В белках глаз полопались сосуды, распухший нос и трясущиеся губы — я чувствую себя по-настоящему убогой. На дне души растёт самоубийственная ненависть к своей жалкой, бабской, похотливой сути вместе с тлеющими остатками растоптанного самоуважения и тупого страха за свою жизнь. Этот адский вертеп, в который я сунулась, не зная правил, искалечил мне восприятие действительности; в моей жизни всё было просто и понятно, а сейчас я до блевоты путаюсь в этой массе недоказанных аксиом и негласных правил. Пусть этот чертов лидерский гарем жрёт друг друга, я не хочу быть его частью.
— Чего вылупились?! — злобно шикаю на притихших неофиток, будто они в чём-то виноваты передо мной. Девочки торопливо прячут мокрые глаза. — Всё. Пошла! — командую себе, утираю мокрое лицо тыльной стороной ладони.
Последние капли холодной воды стекают мне за воротник, зачёркивая следы грубых поцелуев, вжикаю молнией до самого подбородка, вываливаюсь в общий коридор, запруженный толпой лихачей.
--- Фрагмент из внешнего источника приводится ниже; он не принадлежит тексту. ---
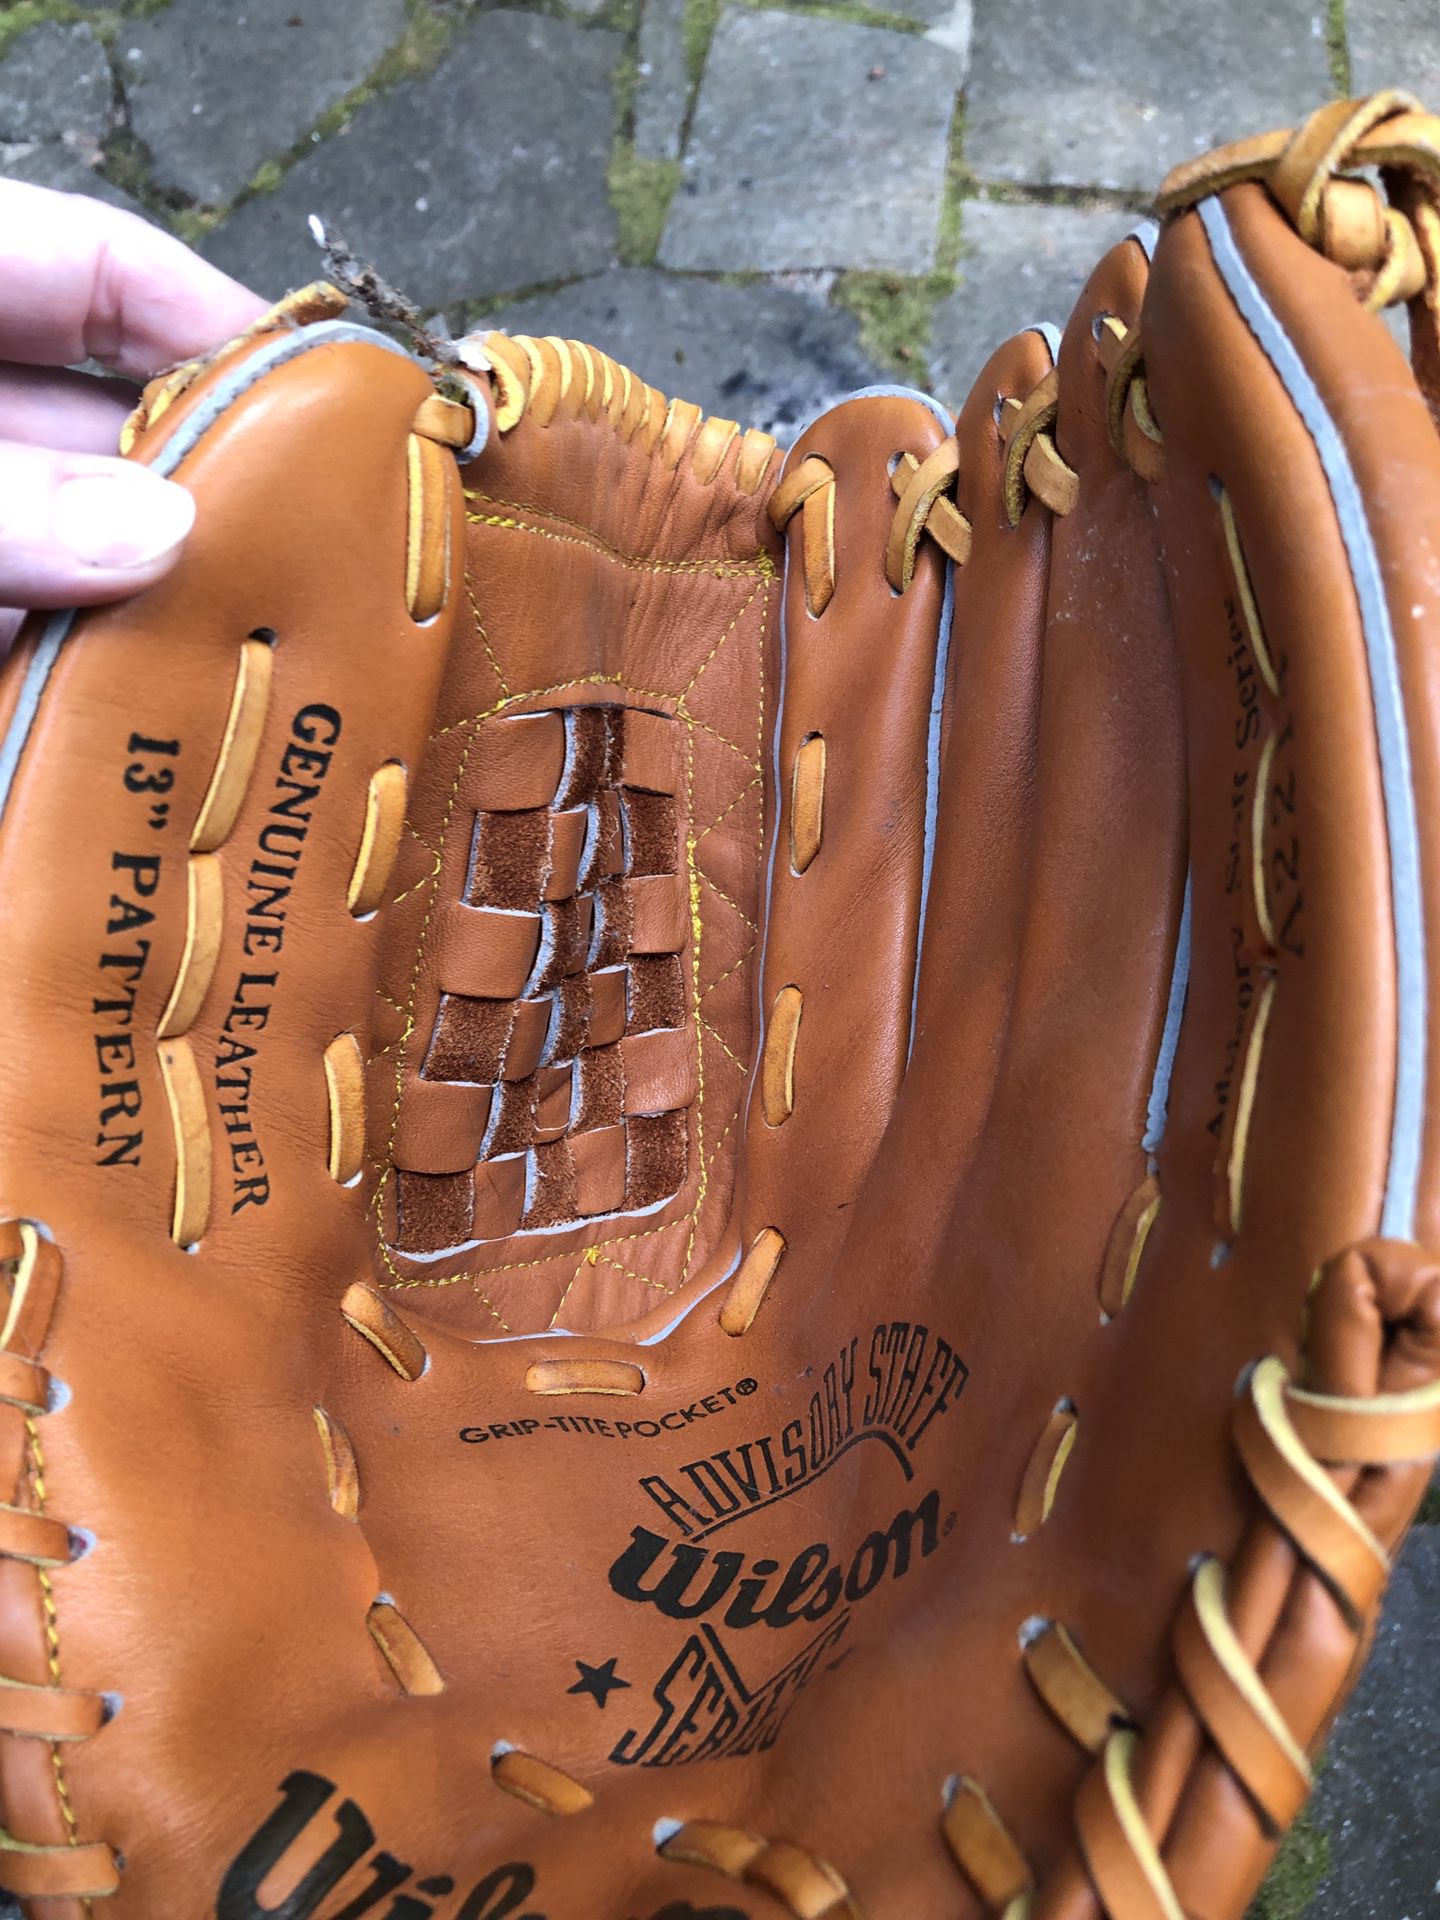 Wilson Youth Baseball Glove - excellent condition

Вижу до боли знакомую фигуру в конце зала — широкие плечи, обтянутые выходной униформой, забитая чёрной геометрией шея, бритые виски, вечно недовольное лицо. Сейчас я меньше всего хочу находиться с ним на одной территории.
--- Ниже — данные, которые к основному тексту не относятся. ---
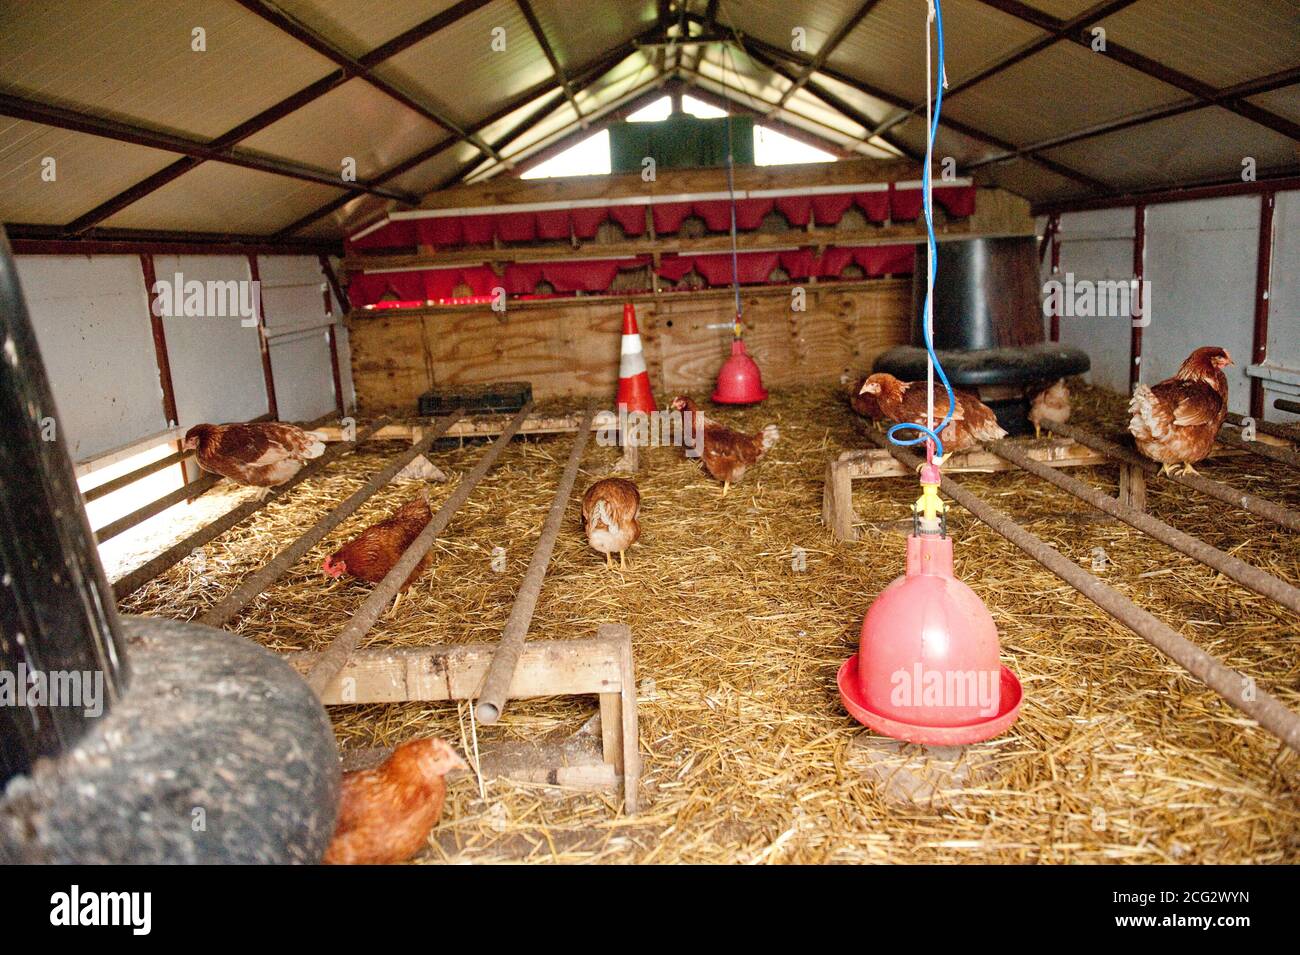 inside a commercial free range chicken house Stock Photo

Я прячусь за спинами Бесстрашных, но его цепкий, хмурый взгляд находит меня в толпе. Замечаю его движение в мою сторону, резко меняю траекторию, петляю, отгораживаюсь от него удачно возникшей на пути компанией патрульных, отворачиваю от них мокрое, опухшее лицо.
— Док, ты Сторма не видела? Он вроде у тебя в лазарете ошивается, — моё бегство едва не срывает один из парней, и я грубо отшиваю его.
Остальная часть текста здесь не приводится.